Дальнейшая логика рассуждений А. Янова сводится примерно к следующему. Русская история партийна, как и сто лет назад, и беда тому, кто, встав над партиями, попытается осмыслить сами эти партии в круге русской судьбы. Быть ему, как авторам в свое время предпринявших нечто подобное «Вех», крепко битым. И в этом, как и во всем другом, что касается хода исторических событий нашей державы, наблюдается, по Янову, один и тот же утомительный узор самоновтора.
Кажется, что единственное, исправно работающее на протяжении многих веков в России,— это машина вечного возвращения, замыкающая в свой круг любое действие дерзнувшего действовать. Всякий реформатор (будь то Иван IV, Петр 1 или Сталин), радикально решающий поменять ход событий, кончает истреблением гигантских масс народа и полным истощением исторической энергии своей страны. За всякой реформой следует ее карикатурное воплощение, не только обессмысливающее замысел реформатора, но и ухудшающее жизнь того простого человека, ради которого все и пытались осуществить. Задумавшая цивилизовать Россию Екатерина II, тщательно законспектировав книги передовых французских мыслителей (Монтескье, Вольтера, Руссо, Дидро), вознамерилась создать в России правовое государство и свободную личность.
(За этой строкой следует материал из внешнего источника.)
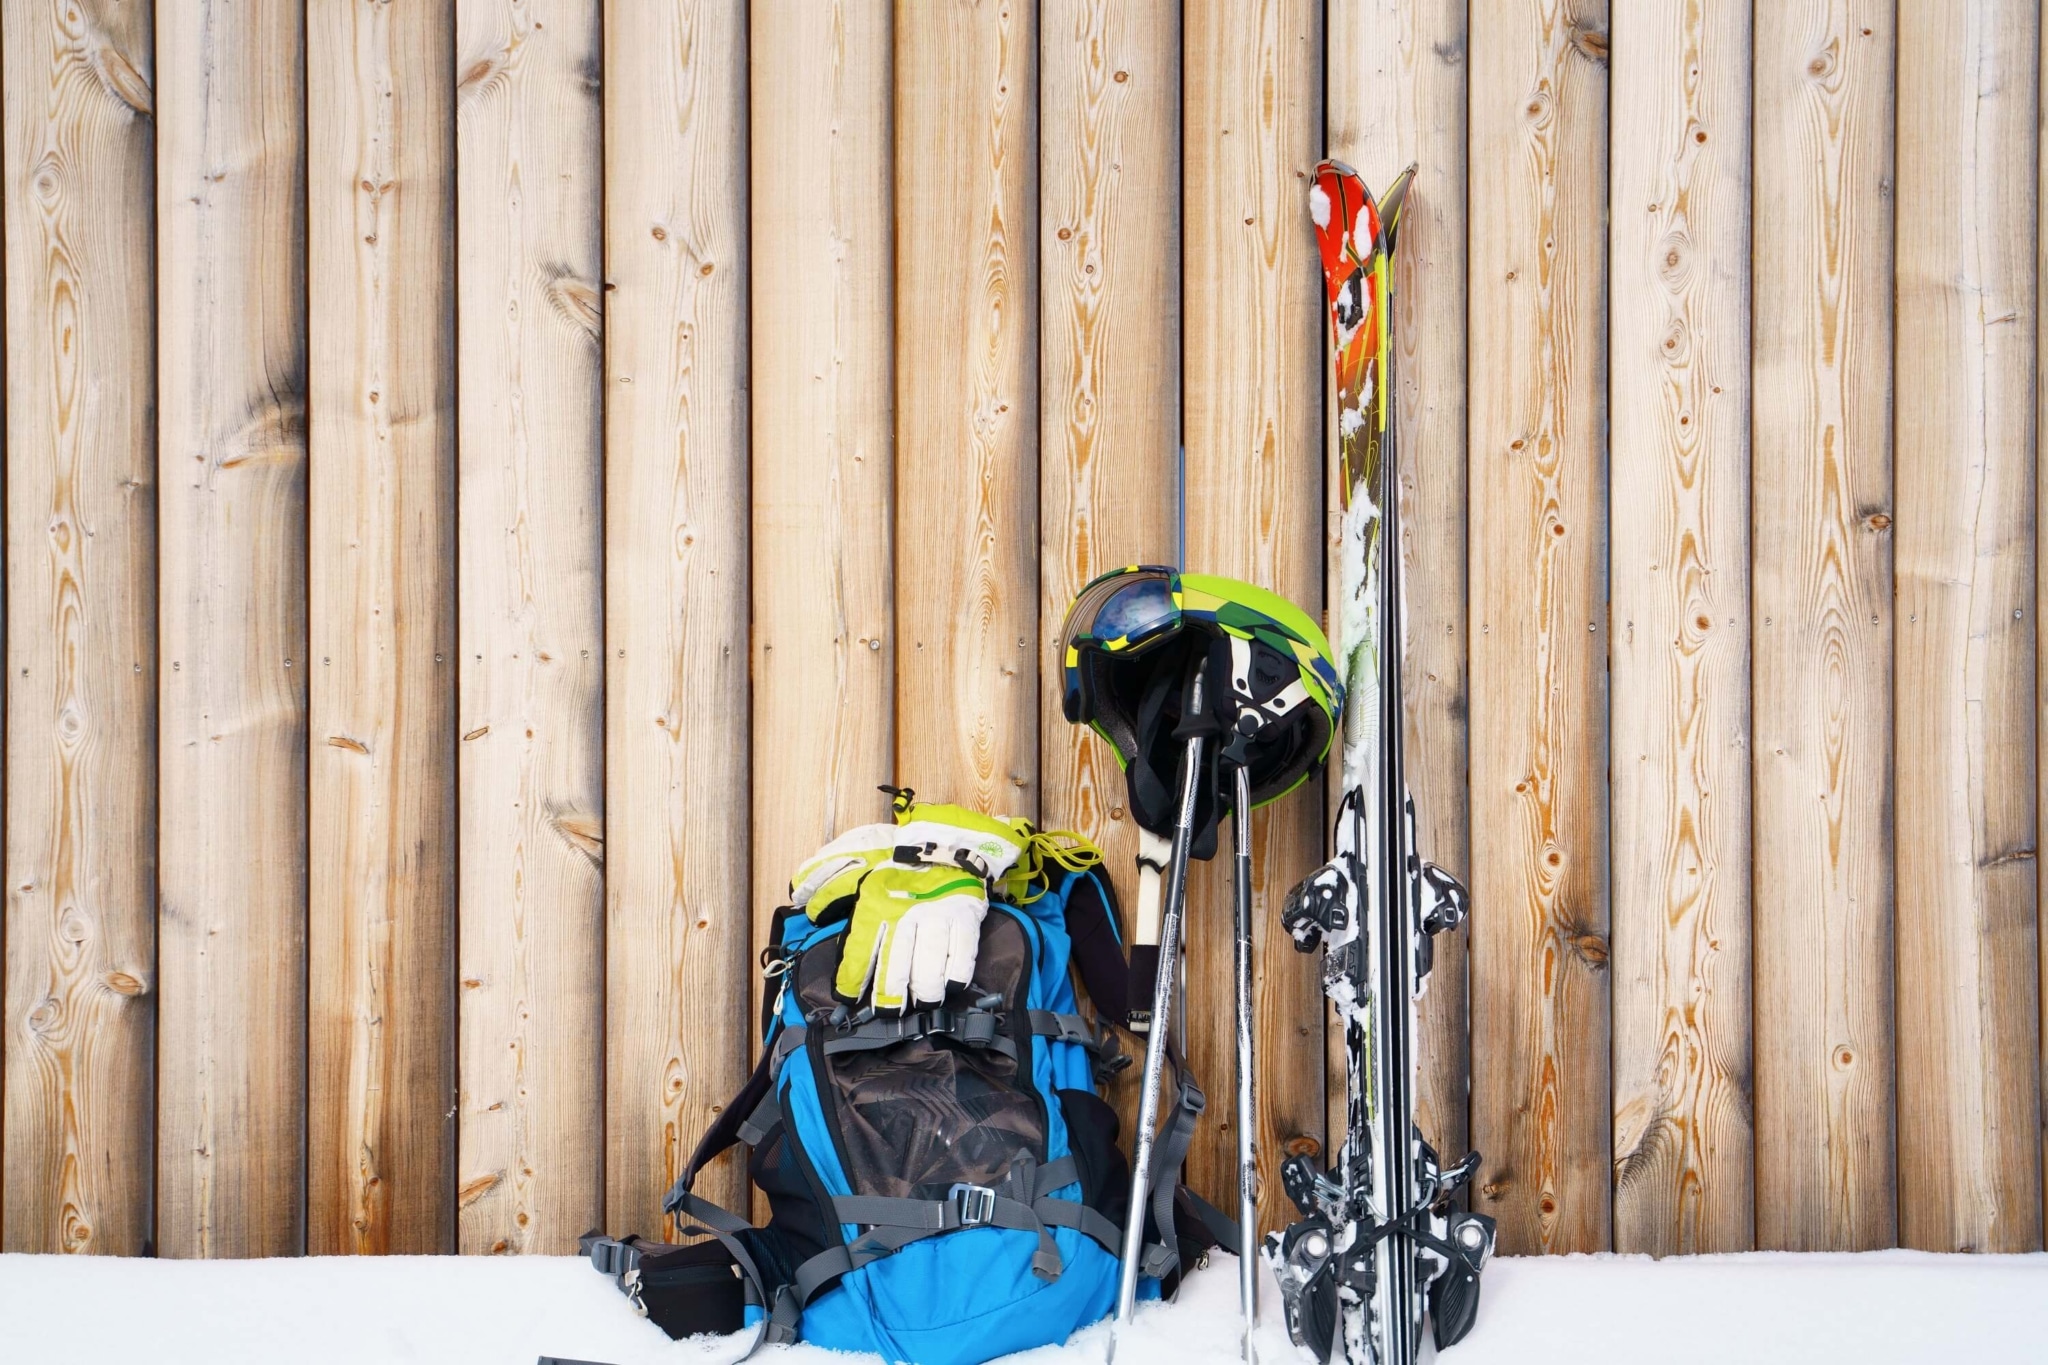 Skiausrüstung steht im Schnee vor einer Holzhütte

Однако единственным серьезным указом, принятым всероссийским собранием народных представителей, был указ о свободе дворянства, тогда как крестьяне, которых замысливалось освободить, не только окончательно попали в крепостную зависимость, но у них было отнято единственное их право — право жаловаться на своих притеснителей-помещиков. Пример этот — хрестоматийный, в нем отчетливо просвечивает и судьба Александра II — освободителя, и судьба Учредительного собрания, и судьба большевизма (как знать, может, и Съезда народных депутатов?)…
А. Янов строит далее машиноподобную схему русской истории, в которой действуют лишь три элемента (три следующих друг за другом состояния): реформа стагнация — контрреформа. Не беда, что даже Петр I попадает у него в стадию контрреформы, зато как строго работает машина вечного возвращения!
В издаваемой сегодня классике русской философии выискиваются ядовитые реплики, вполне применимые и к самым последним событиям, а известное высказывание М. Е. Салтыкова-Щедрина о русском рубле стало излюбленной фразой рассуждающих о сегодняшней денежной реформе. Чему же еще удивляться, ответят мне обе стороны сегодняшнего спора о нашей истории. Урок не пошел впрок, скажут одни. Противостояние сил божественных силам жидо-массонского сатанизма — вечно, оно вне времени, ответят другие.
Однако, если тщательней присмотреться, не обнаружится никакой особой машины повтора в свершении судьбы России. Достаточно хлипким сразу окажется сравнение «великих русских деспотов» Ивана Грозного, Петра I и Сталина, каждый из которых решал уникальную историческую задачу уникальными историческими средствами, и только наш артикуляционный аппарат описания исторической событийности позволяет им крепко взяться за руки. Условность поражает в схемах, предлагаемых А. Яновым, но не менее поражает она и в сегодняшних сопоставлениях перестройки и нэпа, реформы Столыпина, затрагивающей судьбы общины, и современного Закона о земле. Самогипноз речи, стирающей свою связь с реальными действиями говорящего, со вписанностью тела говорящего в конкретный исторический ландшафт, речи, отсылающей в качестве своего источника лишь к другой речи, произнесенной ранее, речи, существующей как цитата из предшествующей речи,— одна из самых удивительных черт русской истории.